I am puzzled by the behavior of dvc exp run
. In particular, I read:
When called with no arguments, this is equivalent to
dvc repro
followed bydvc exp save
.
(source)
But I find the behaviour of dvc exp run
to differ widely from that of dvc repro
, and I do not understand the underlying logic of the former.
When running dvc exp run --force
, dvc reproduces multiple experiments in a row, not just one.
- The first experiment uses the workspace (configuration, code).
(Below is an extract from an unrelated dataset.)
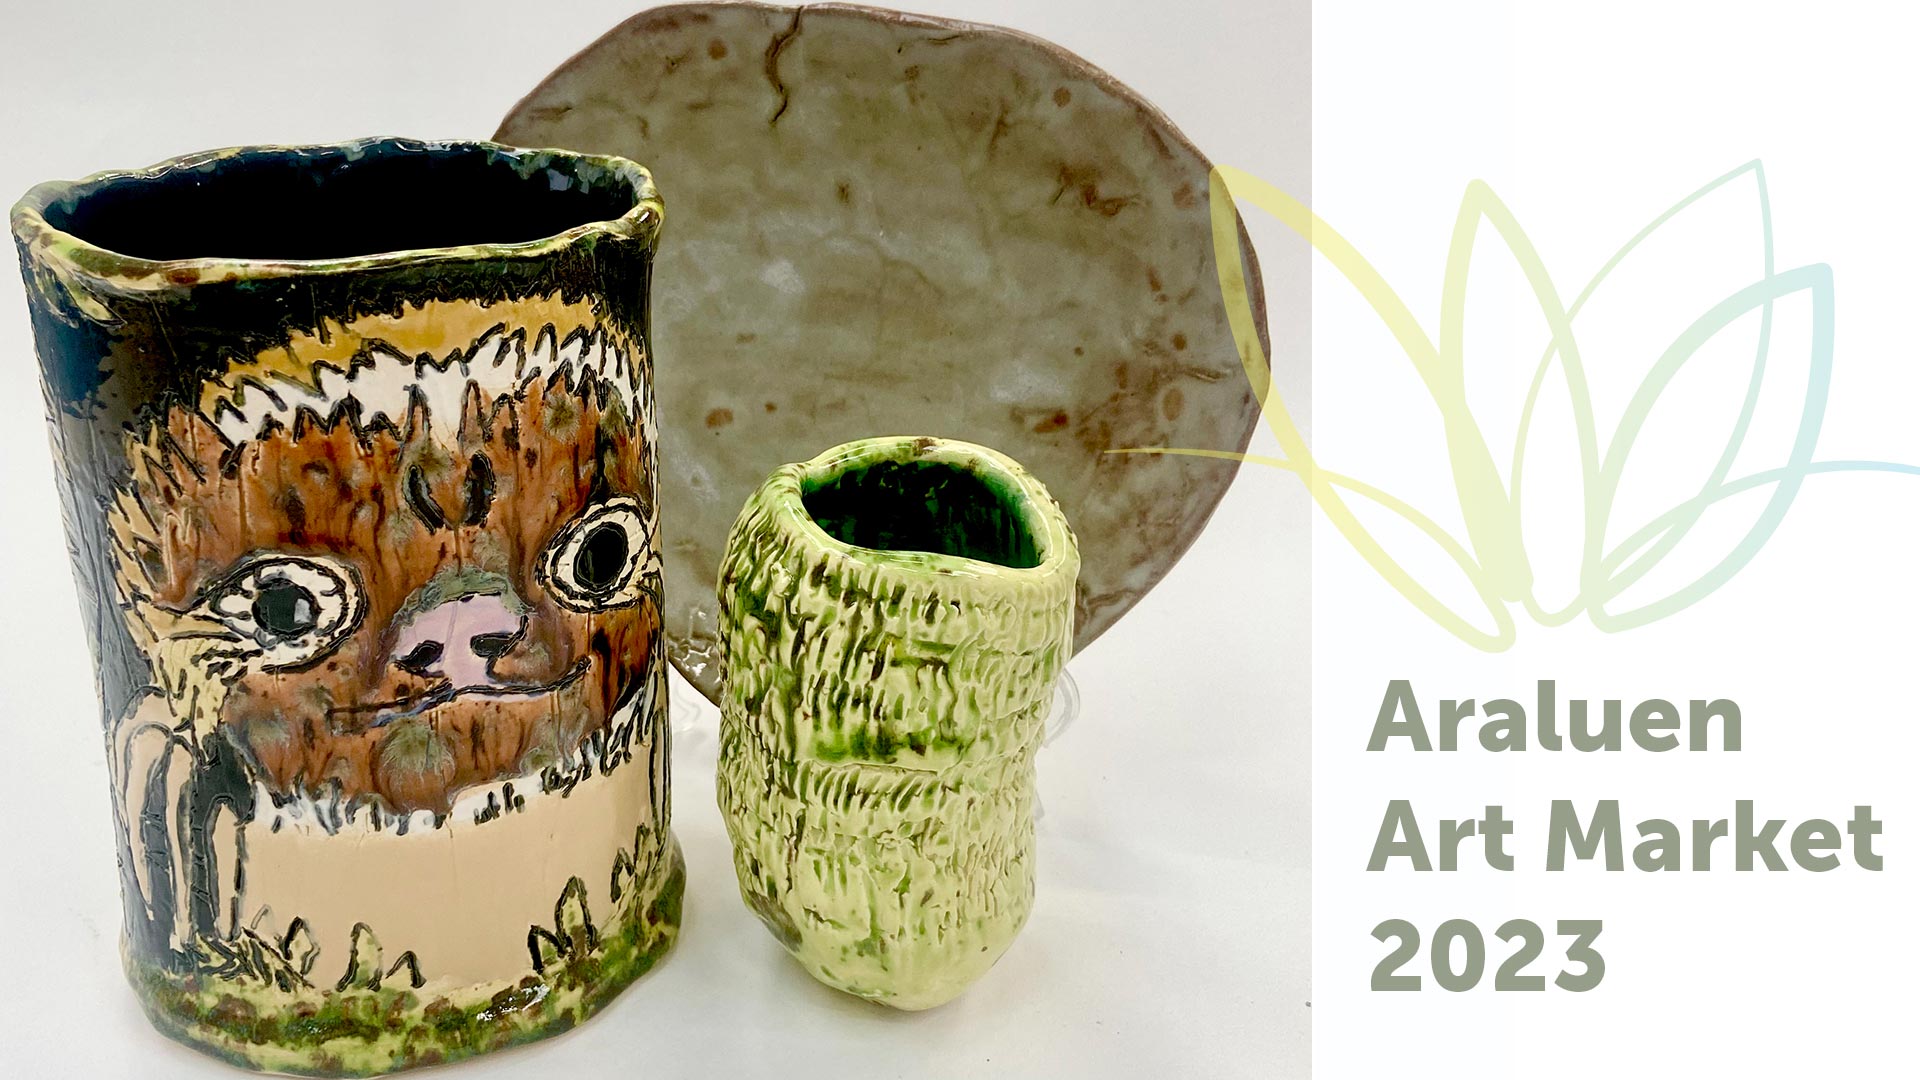 photo of handmade ceramics two vases and a plate and a waterlily logo for Araluen with text that says Araluen Art Market 2023

- The next experiments seem to check out the workspace to commits and runs that
dvc.yaml
.
So something like
> dvc exp run --force
Reproducing experiment 'yucky-huia'
Building workspace index |8.00 [00:00, 114entry/s]
Comparing indexes |26.0 [00:00, 449entry/s]
Applying changes |13.0 [00:00, 1.04kfile/s]
[some code being executed]
Updating lock file 'dvc.lock'
[some code being executed]
Reproducing experiment 'obese-mana'
[The reproduction]
[etc.]
On the other hand, dvc repro
runs an experiment using the current workspace.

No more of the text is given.